Pathological Features
Histopathology
- Macroscopic: Early changes are not visible. By 12-24 hours, the infarcted myocardium may appear dark mottled.
- Microscopic: Timeline of changes – Coagulative necrosis with loss of nuclei and striations (4-12 hours), neutrophilic infiltrate (1-3 days), phagocytosis with early granulation tissue (4-7 days), mature granulation tissue with neovascularisation (1-3 weeks), and finally scar formation (>1 month).
Serology
- Elevation in cardiac biomarkers, most notably cardiac troponin I or T.
Biochemistry
- Other markers include creatine kinase-MB (CK-MB) and myoglobin, but these are less specific.
Radiological Features
General Features
- Radiologic imaging is not typically the first-line diagnostic tool for MI, but it can provide supportive evidence and assess complications.
XR
- Chest X-ray may show signs of pulmonary oedema in the case of left ventricular failure secondary to MI.
CT
- Non-contrast: Can assess for complications, such as ventricular aneurysm.
- C+ Arterial: Cardiac CT angiography can visualise coronary artery occlusions or stenosis.
MRI
- T1: In the acute and subacute stages, T1-weighted imaging shows hyperintense signal due to oedema and haemorrhage.
- T2: T2-weighted imaging shows hyperintense signal due to oedema.
- T1 Gad+: Late gadolinium enhancement (LGE) allows for visualisation of myocardial scarring.
US
- B-mode: Echocardiography can assess ventricular function and identify regional wall motion abnormalities.
- Colour Doppler: Can identify valvular regurgitation secondary to papillary muscle dysfunction.
Diagnosis
Diagnosis of myocardial infarction is typically made based on clinical presentation, ECG changes, and elevated cardiac biomarkers.
Differential Diagnosis
- Angina pectoris: This is chest pain due to transient myocardial ischaemia, but without myocardial necrosis.

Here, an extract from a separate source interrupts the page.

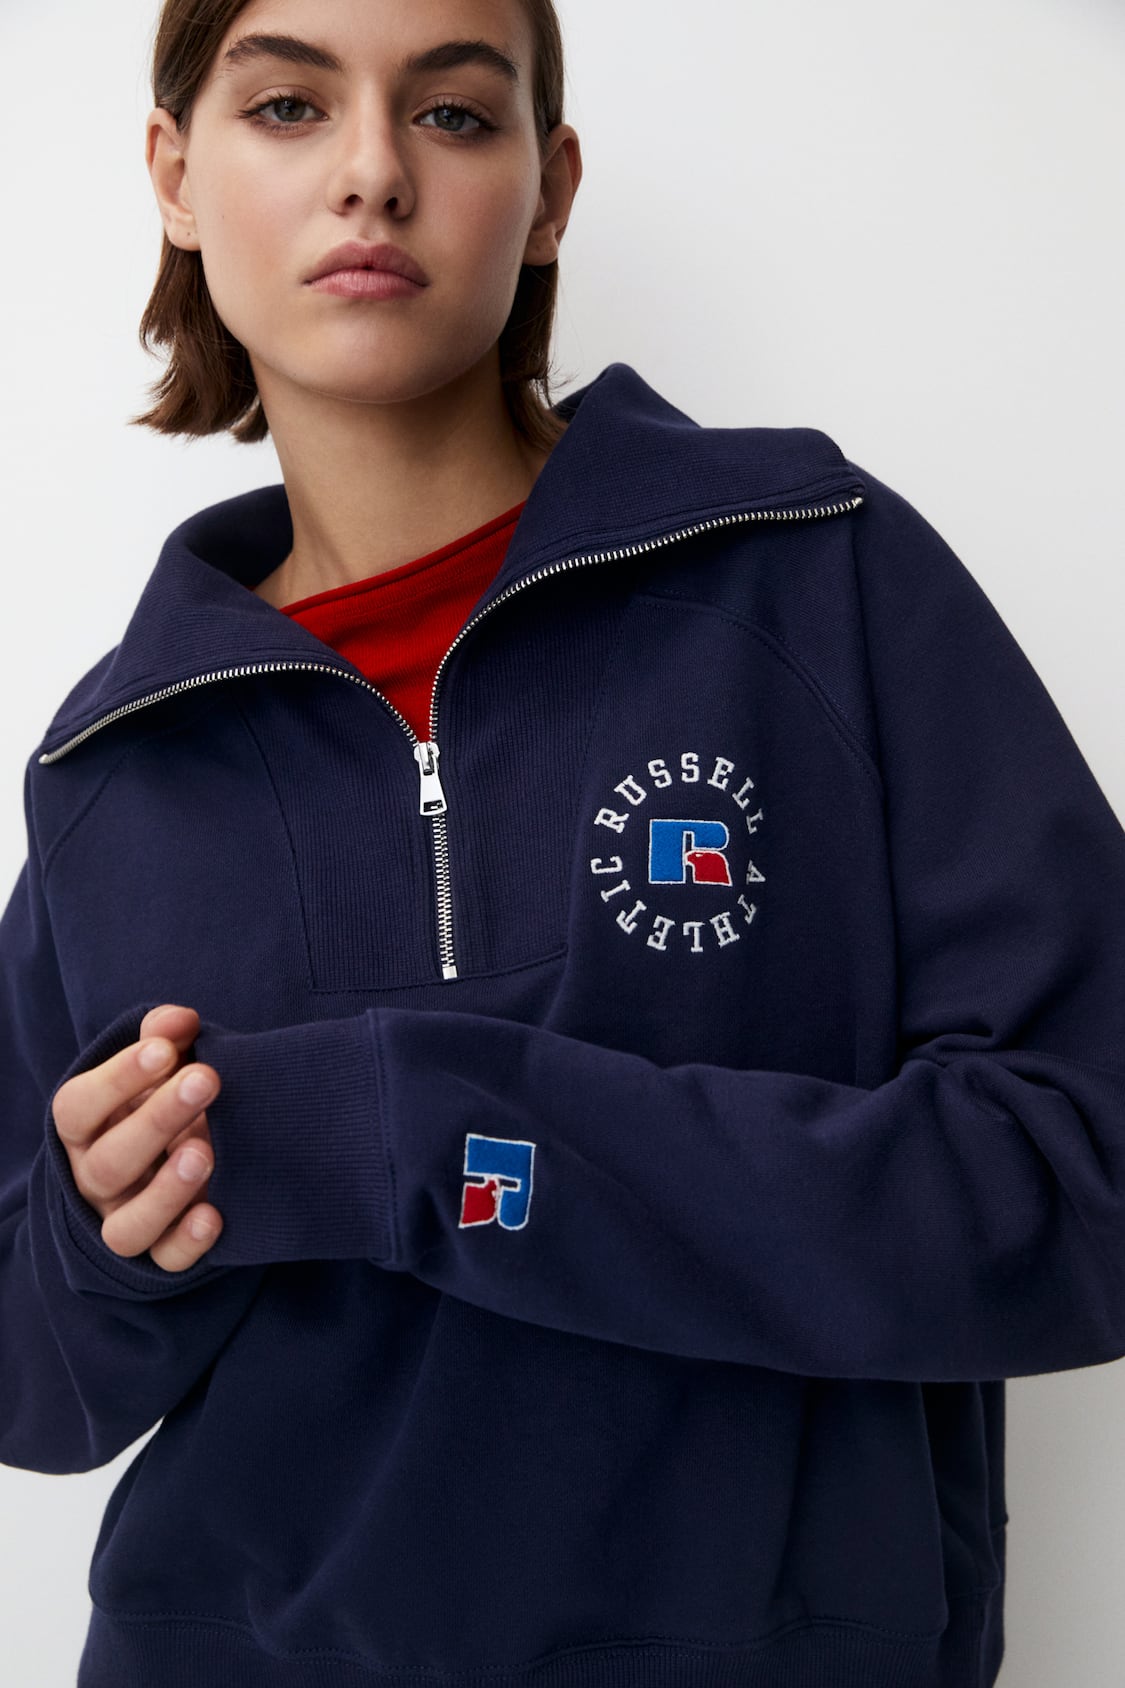 Russell Athletic by P&B sweatshirt with zip - PULL&BEAR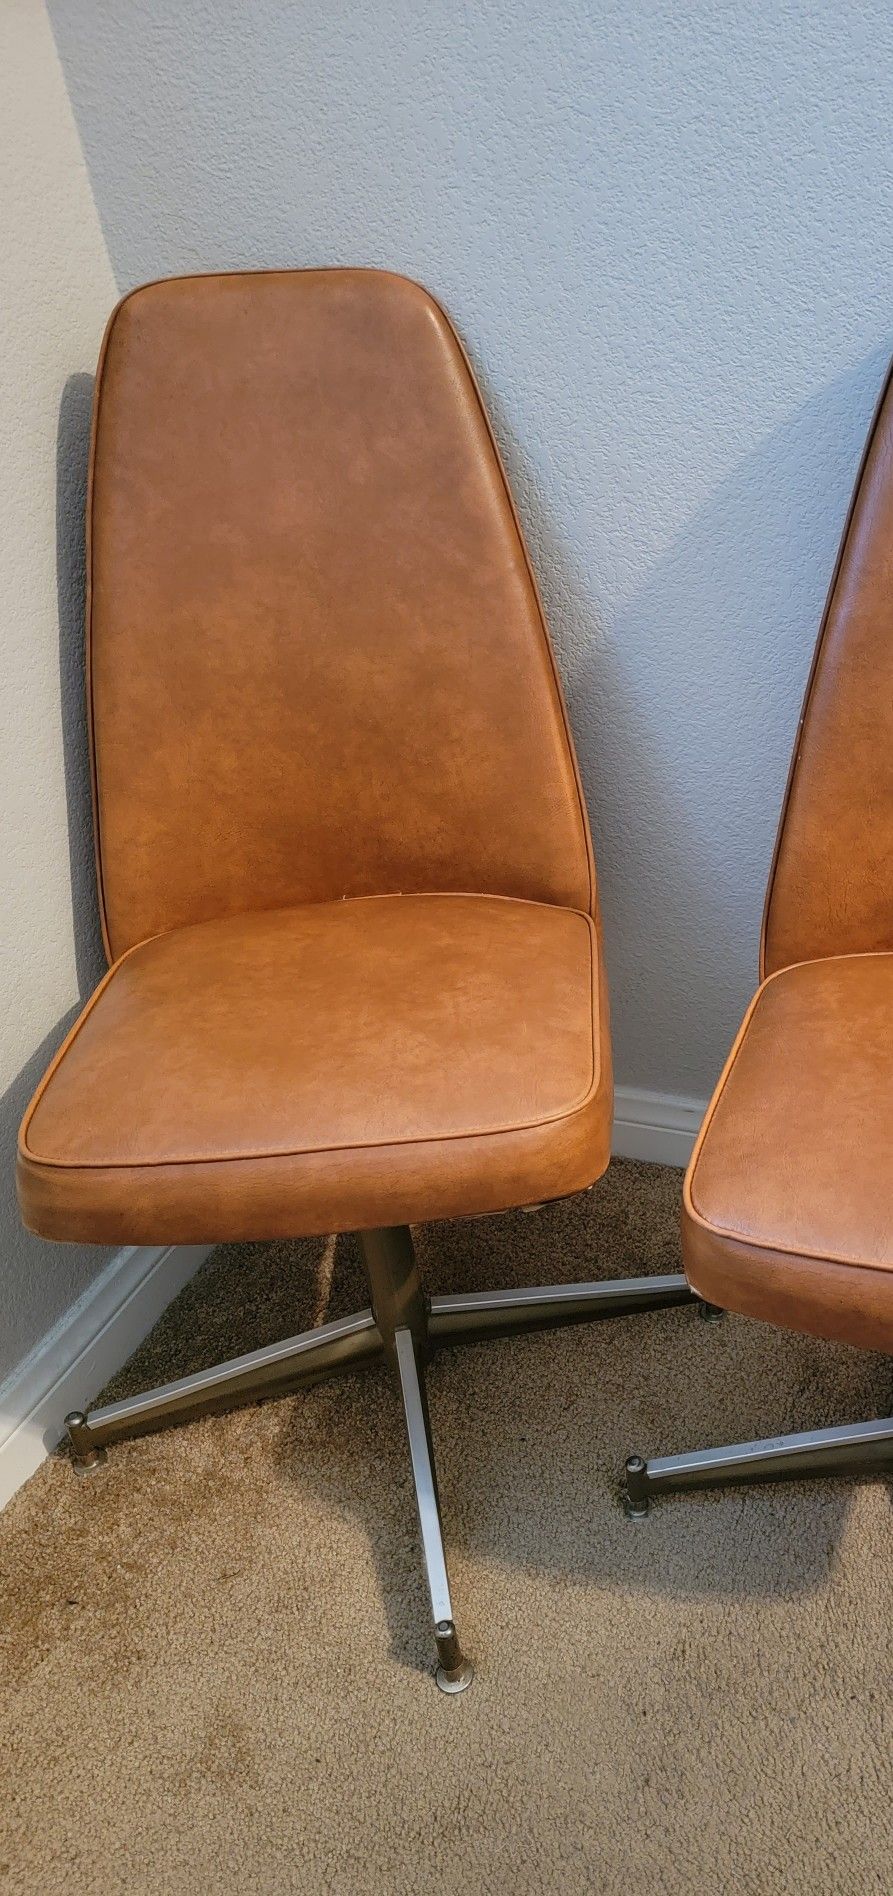 MCM Vintage Cal-style Swivel Dining Chair 2 Available Burnt Orange Great For Kitchenette RV Dinette Table

- Acute pericarditis: This can cause chest pain and ECG changes, but cardiac biomarkers are typically not elevated.
- Pulmonary embolism: Can cause chest pain and dyspnoea. ECG may show right heart strain.
Management
Management includes immediate reperfusion therapy, either via thrombolysis or percutaneous coronary intervention (PCI), along with antiplatelet agents, beta-blockers, ACE inhibitors, and statins.